Report projects U.S. population decline as birth rates remain low — By: Catholic News Agency

A report from the Institute for Family Studies warns that the United States is approaching a demographic turning point, with fertility rates continuing to fall well below replacement levels and population declines increasingly likely in the coming decades unless current trends change.

The report, titled ”The Demographic Dead End: 2026 State of Fertility Report,” presents estimates of fertility trends for every state dating back to 1917. As part of the nation’s 250th anniversary, researchers also reconstructed birth rates in Massachusetts dating to 1660, offering one of the longest historical views of American fertility ever compiled.

According to the report, the U.S. fertility rate has fallen to about 1.6 children per woman, well below the replacement level of about 2.1 needed to maintain a stable population without immigration. Researchers said the decline is no longer a temporary consequence of delayed childbearing but reflects a sustained demographic shift.

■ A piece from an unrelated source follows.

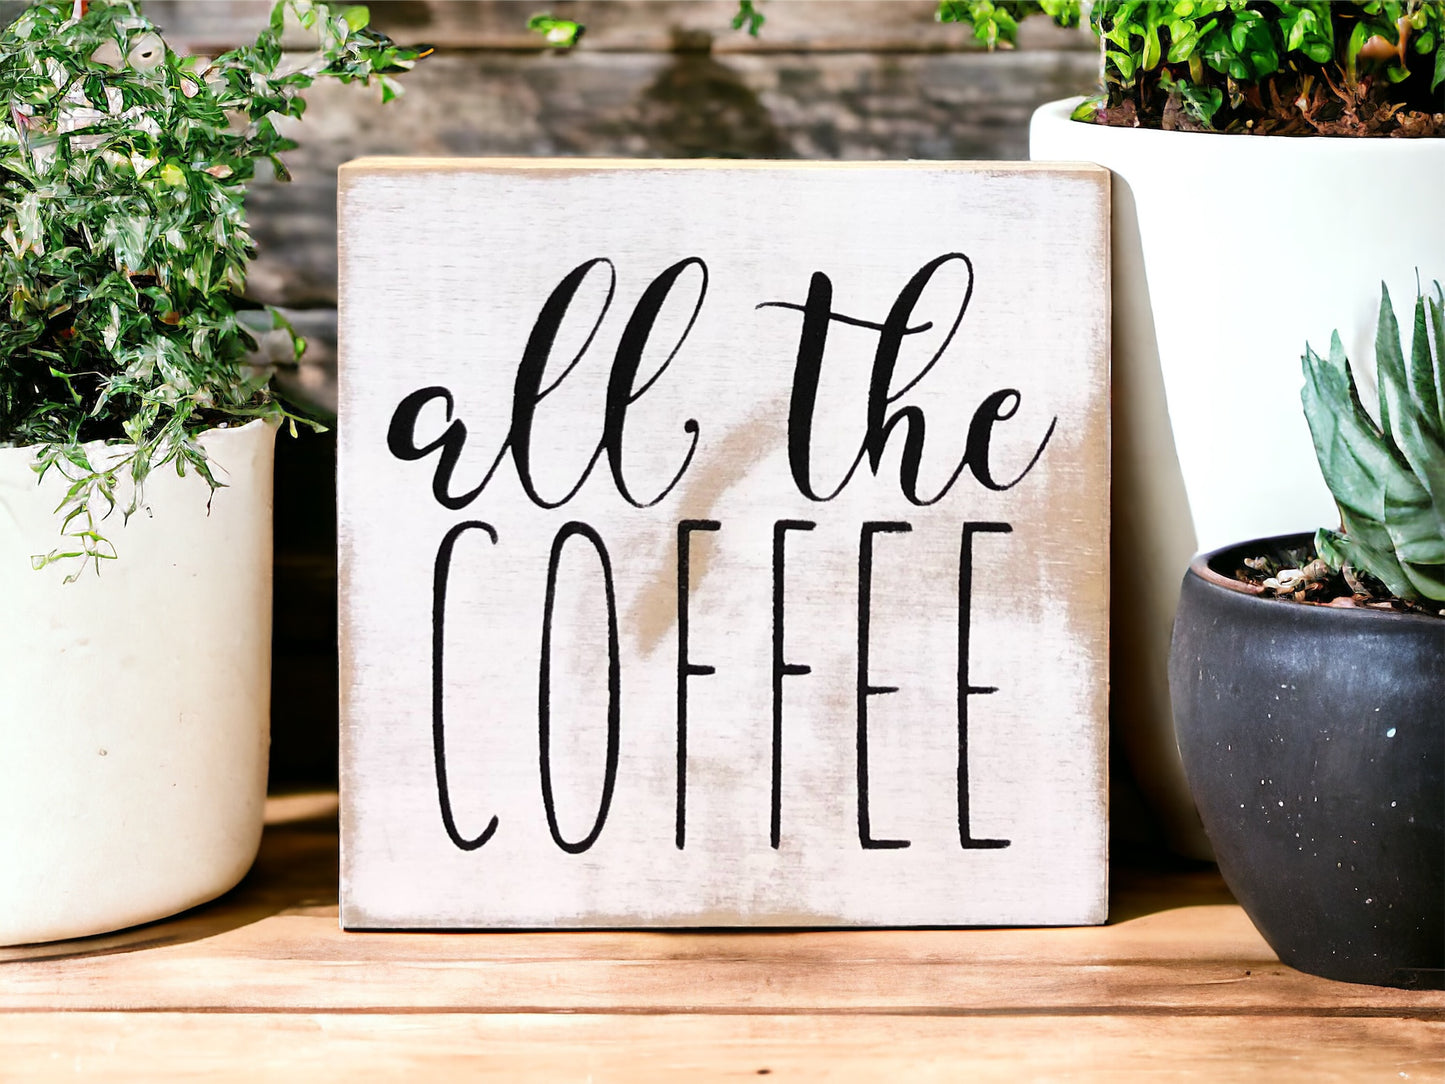 "All the coffee" wood sign

The authors projected that if trends continue, the U.S. population will likely peak during the 2050s before entering a prolonged period of decline. They contend that many mainstream demographic forecasts underestimate the pace of falling fertility and assume a rebound that has yet to materialize.

The report notes fertility has declined in nearly every state over the past two decades, though the pace varies geographically. States with higher levels of religious participation, marriage, and family stability generally continue to post comparatively higher birth rates than states with lower rates of marriage and family formation.

Although Americans’ desired family size has remained relatively stable, the gap between how many children they want and how many they ultimately have continues to widen. Surveys consistently show Americans expect to have about two children and ideally would like to have an average of 2.4.

Catherine Pakaluk, professor at The Catholic University of America and author of “Hannahʼs Children: The Women Quietly Defying the Birth Dearth,” cautioned against interpreting that gap as entirely unmet demand.

“I’d be careful treating that gap as pure unmet demand — people fall short of almost everything they say they want, and stated desires are aspirations measured before the real tradeoffs arrive,” Pakaluk told EWTN News. “What ‘I want 2.4’ mostly reflects is a preference stated in the abstract, which softens once a child is weighed against everything else a life can hold.”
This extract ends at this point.